_Excerpted data:_
____________

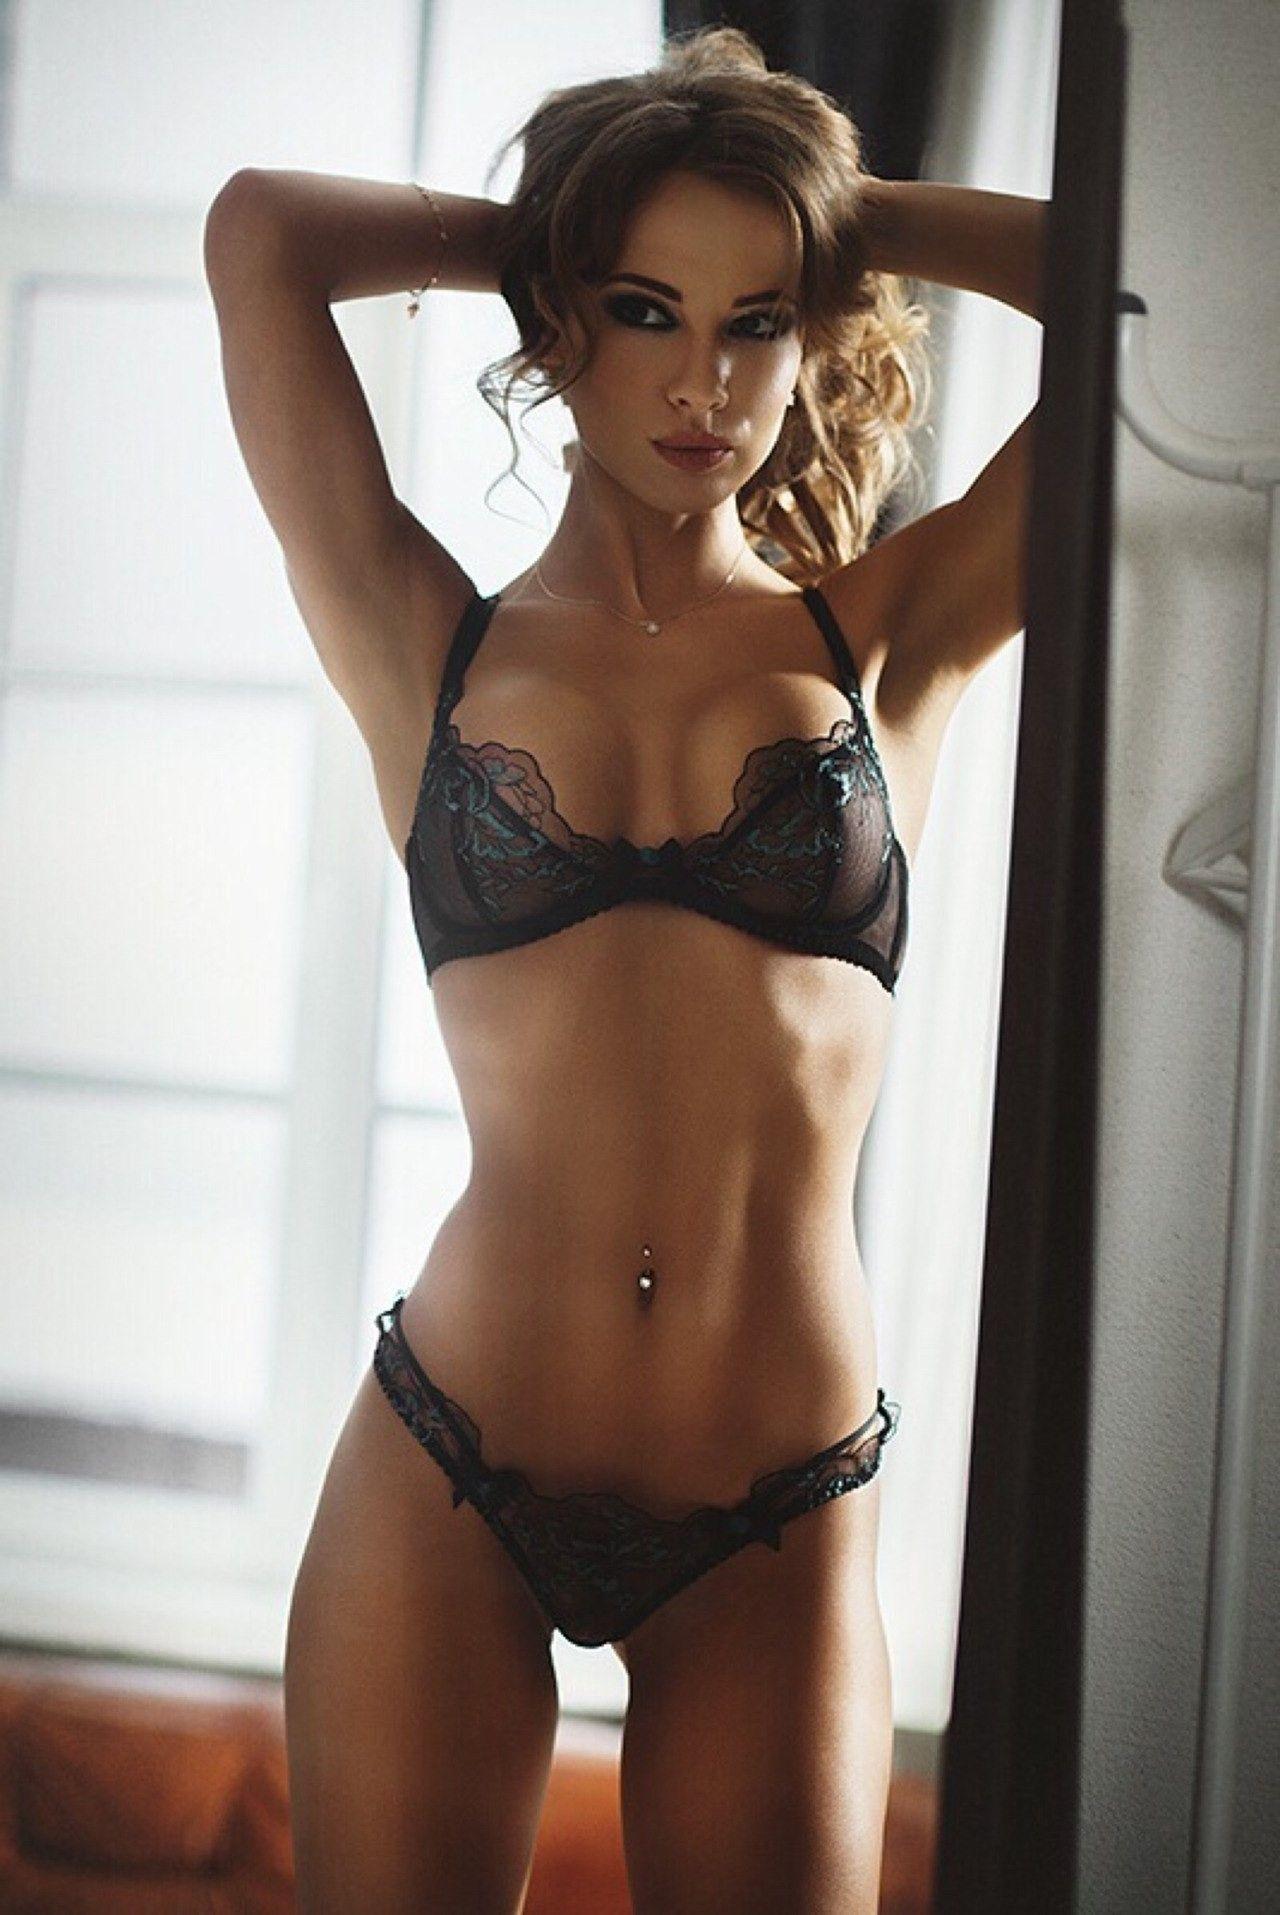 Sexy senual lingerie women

____________

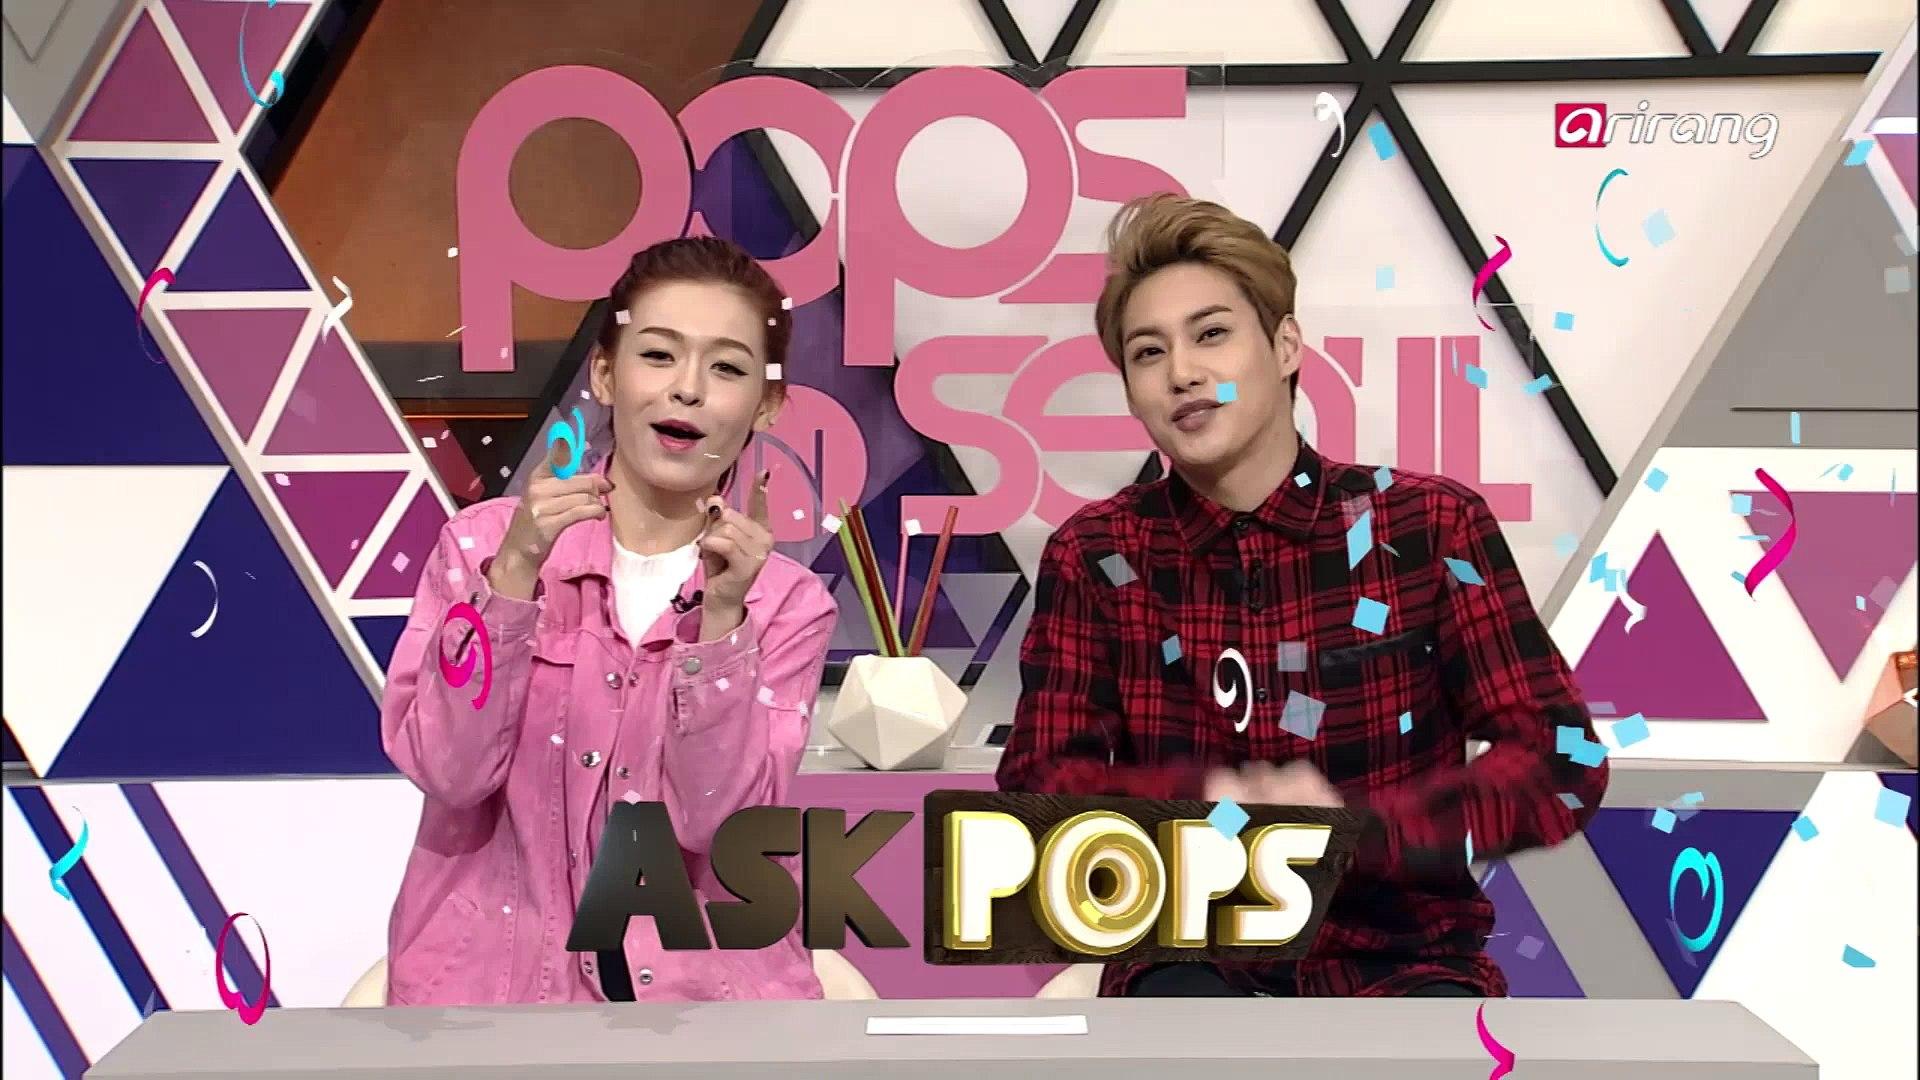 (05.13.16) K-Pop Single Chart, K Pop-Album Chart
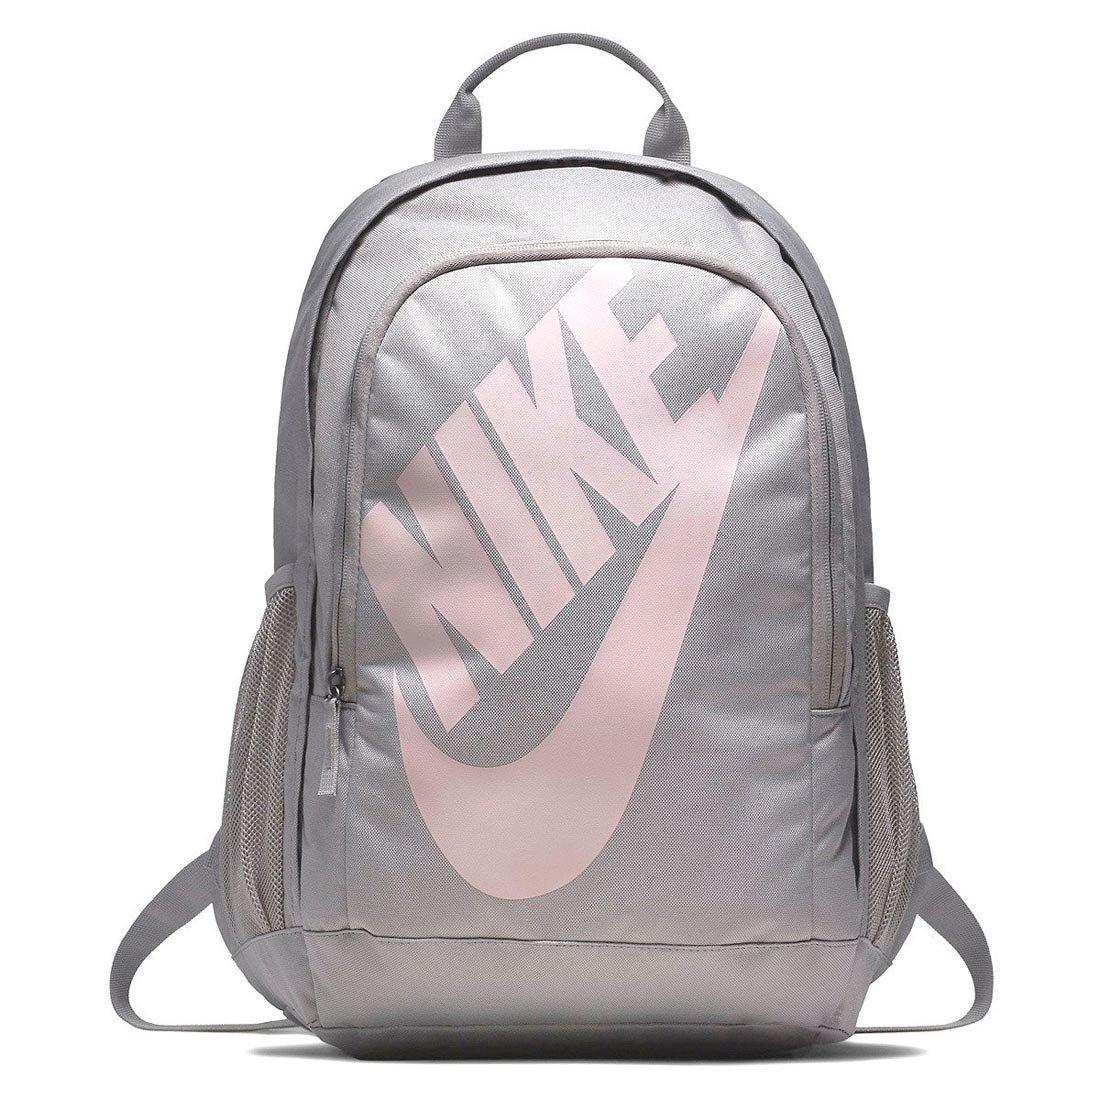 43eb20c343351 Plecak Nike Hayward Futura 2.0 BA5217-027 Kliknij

____________

_Assigned task:_
Within the listing above, extract exactly the lines that run from the one containing "(05.13.16) K-Pop Single" through the one containing "43eb20c343351 Plecak Nike", excluding any pictures.

_Response:_
 (05.13.16) K-Pop Single Chart, K Pop-Album Chart
 43eb20c343351 Plecak Nike Hayward Futura 2.0 BA5217-027 Kliknij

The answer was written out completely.